── Input data
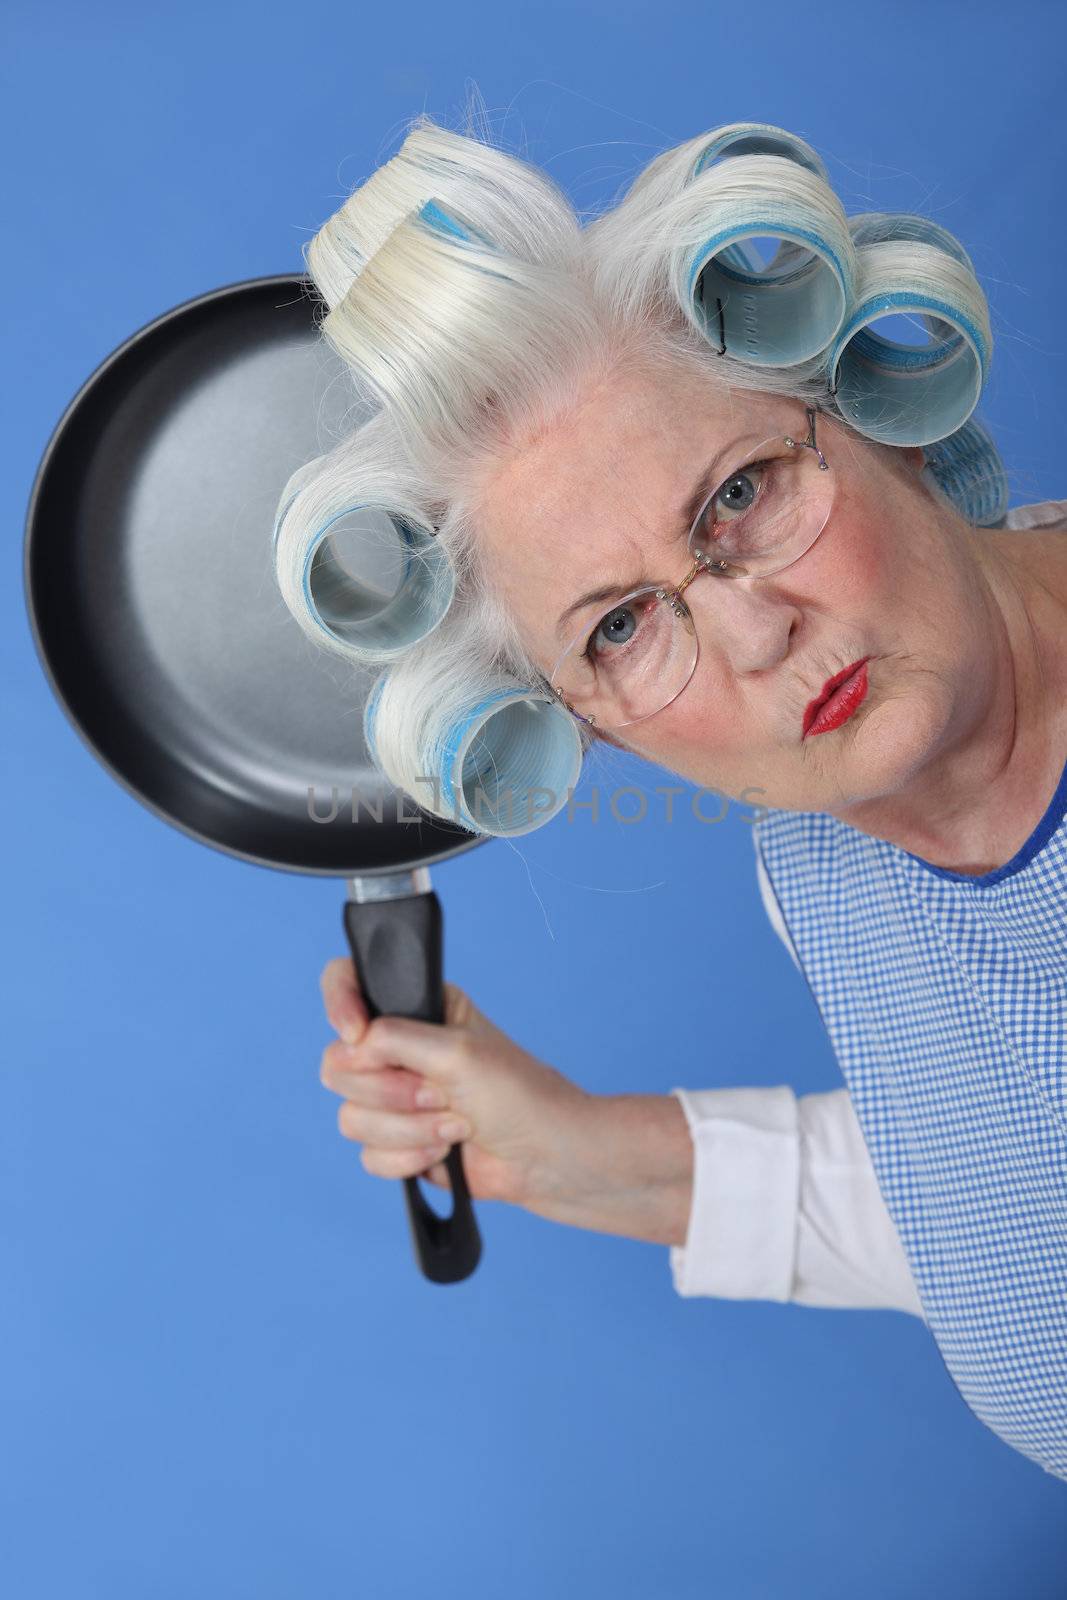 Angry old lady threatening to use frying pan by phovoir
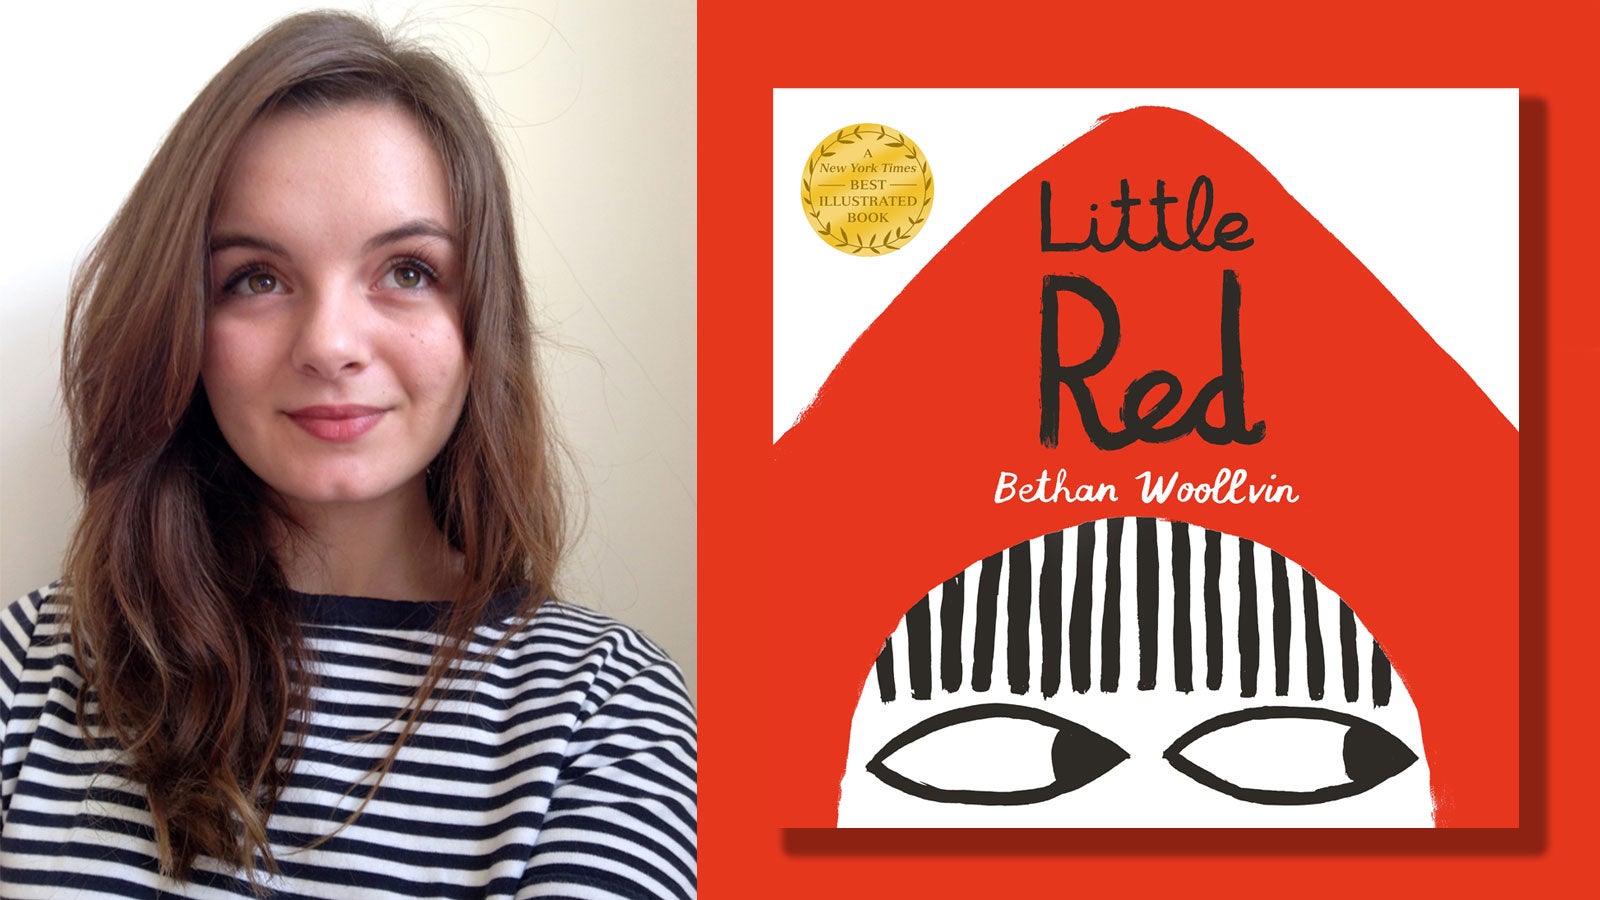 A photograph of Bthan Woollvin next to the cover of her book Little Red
────
── Input data
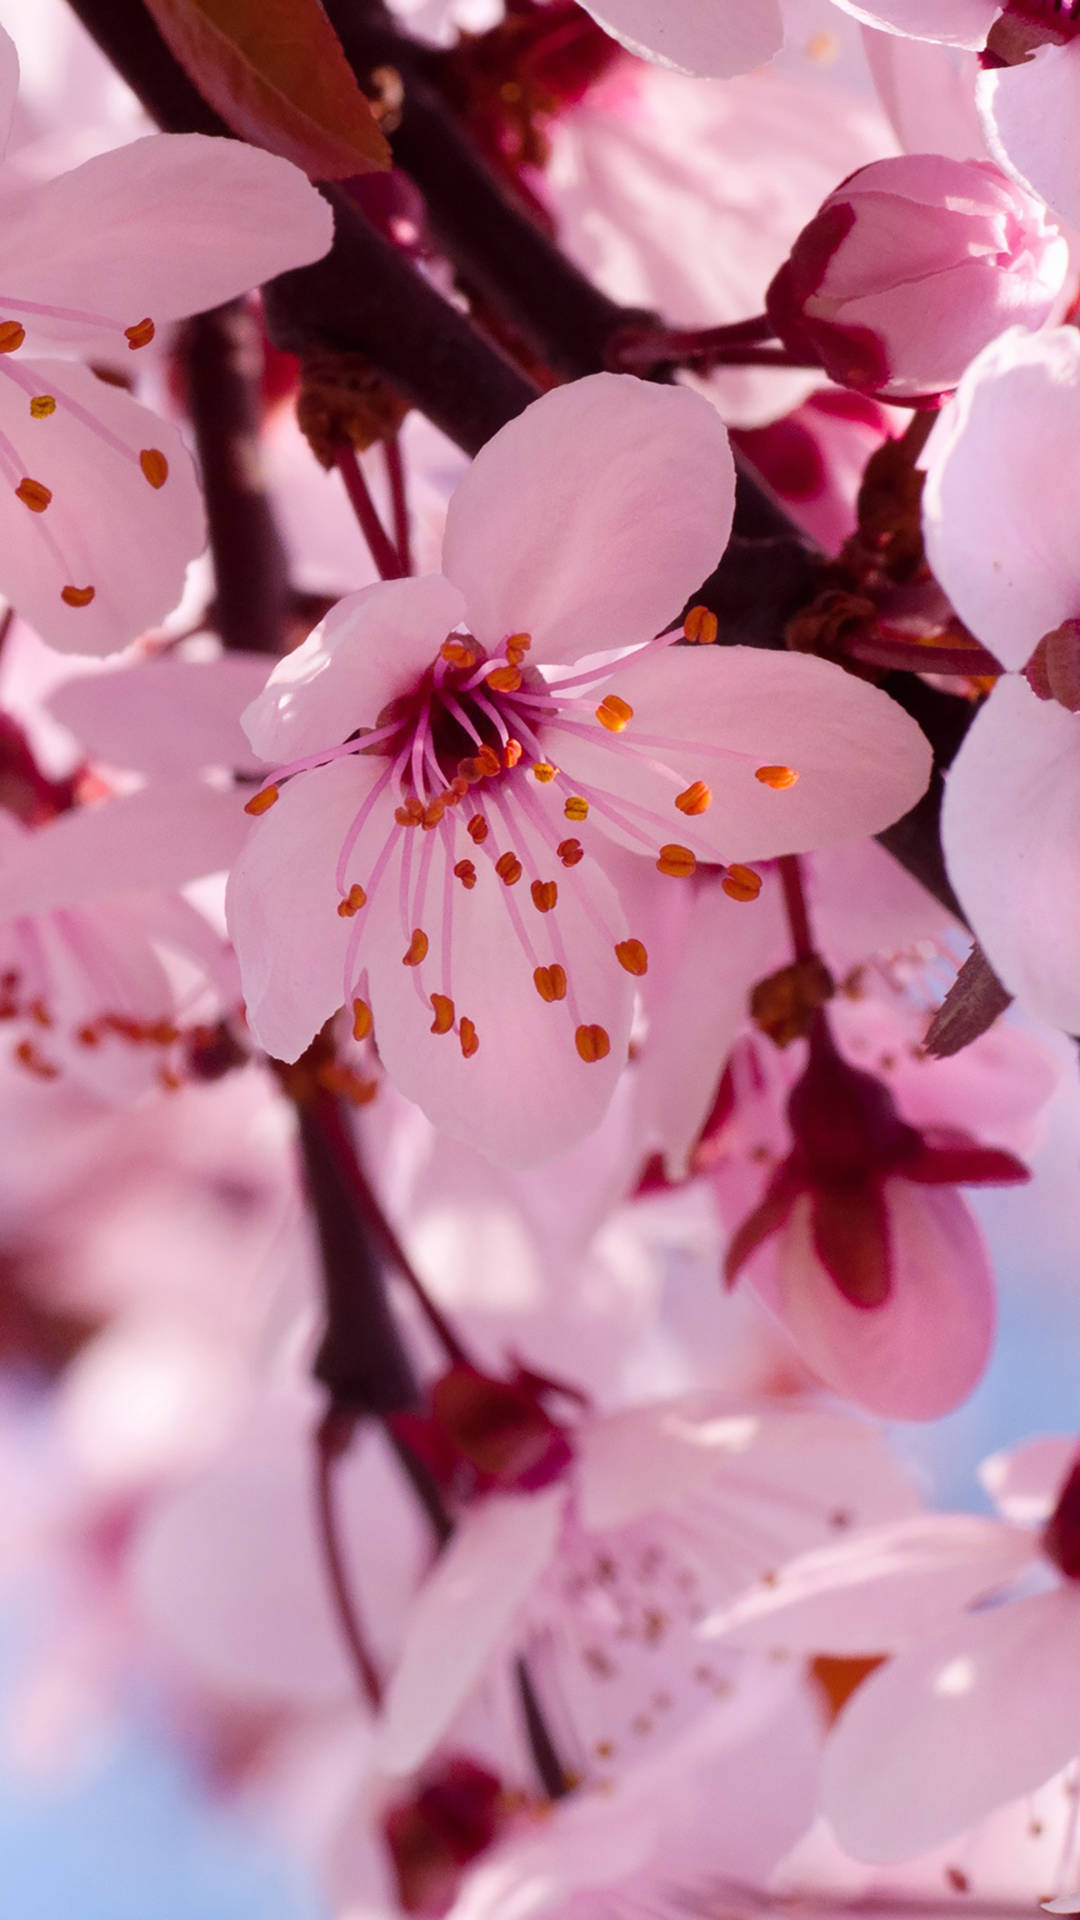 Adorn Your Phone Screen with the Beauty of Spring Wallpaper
────
### [Assignment]
From the data above, retype only the lines starting with the line with "Angry old lady" and going on through the line with "A photograph of", exactly, leaving out the pictures.

### [Your solution]
 Angry old lady threatening to use frying pan by phovoir
 A photograph of Bthan Woollvin next to the cover of her book Little Red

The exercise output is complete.